Расшифровка Борьба с песней и борьба за песню в CCCР
В последние десятилетия XIX и начале ХХ века трансформации, происходившие в песенном репертуаре крестьян, как казалось, совершались прямо на глазах у интеллигенции, и это многими трактовалось как порча или искажение народной песни. Природа всех этих изменений виделась во внешних влияниях, которые исходили от города и его низовых культур — фабричной, трактирной и так далее. Помимо крестьянской,
Важно еще другое. Понятие «народ» утратило прежний смысл, и народнический взгляд на народную песню и на фольклор в целом был подвергнут критике. Например, исследователь песен рабочих Соболев писал в 1928 году с нескрываемым осуждением:
«В прошлом столетии с легкой руки Петра Киреевского на всем литературном фронте старательно анафематствовалась фабричная городская культура и песенное творчество».
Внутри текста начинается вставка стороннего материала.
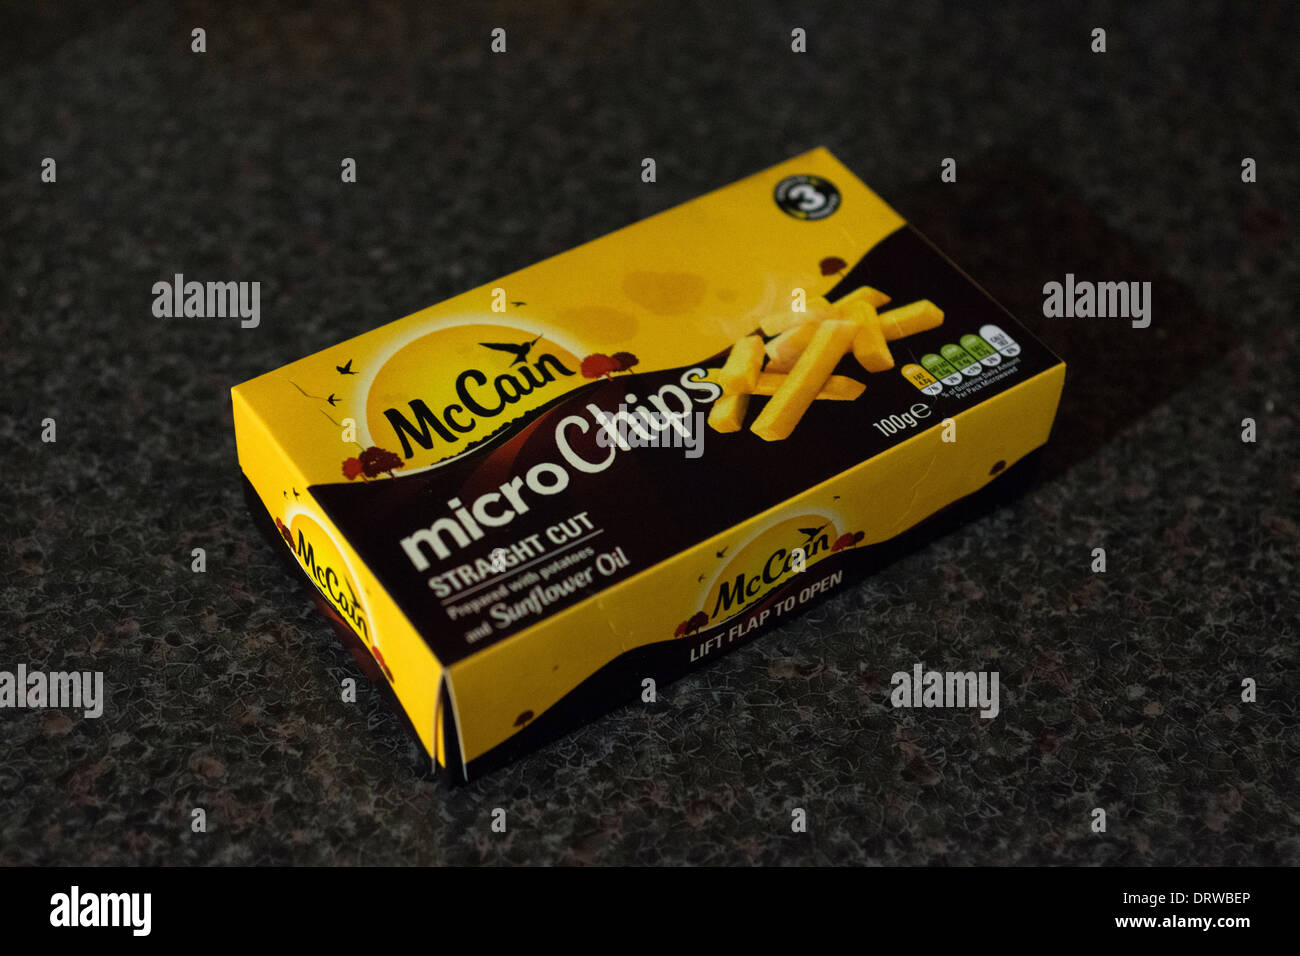 Microwave potato chips frozen fries boxes box Stock Photo - Alamy

Более того, предпочтительное внимание к крестьянской песне в фольклористике, особенно на рубеже 1920-х и 30-х годов и в начале 1930-х, скорее даже не одобрялось. По жестокой иронии судьбы фольклористов, которые еще в недавние предреволюционные годы не отворачивались от новых песен и приветствовали их изучение, теперь упрекали в классовой предвзятости и ставили им в вину, что их взгляд на народное творчество ограничен рамками крестьянской культуры. В 1931 году тот же Соболев на одном из собраний нападал на своих коллег по цеху:
«Все-таки крестьянские сарафаны, расшитые полотенца до сих пор являются для фольклориста наиболее притягательным моментом. Руководство братьев Соколовых по собиранию памятников устной поэзии зовет наблюдать фольклор на простор деревенской улицы, а не на фабрику и завод».
Таким образом, на смену исконному для фольклористики традиционализму, придающему особую ценность национальному измерению народной культуры, в науку (да и в общество в целом, и не только в Советской России, между прочим, но и в Европе) приходил социологический взгляд на фольклор. Согласно ему, свой подход есть у каждой социальной группы и он обслуживает эту группу, выражает и одновременно формирует ее текущее мировоззрение, и сам фольклор постоянно меняется вместе с этой группой в процессе социально-исторической трансформации.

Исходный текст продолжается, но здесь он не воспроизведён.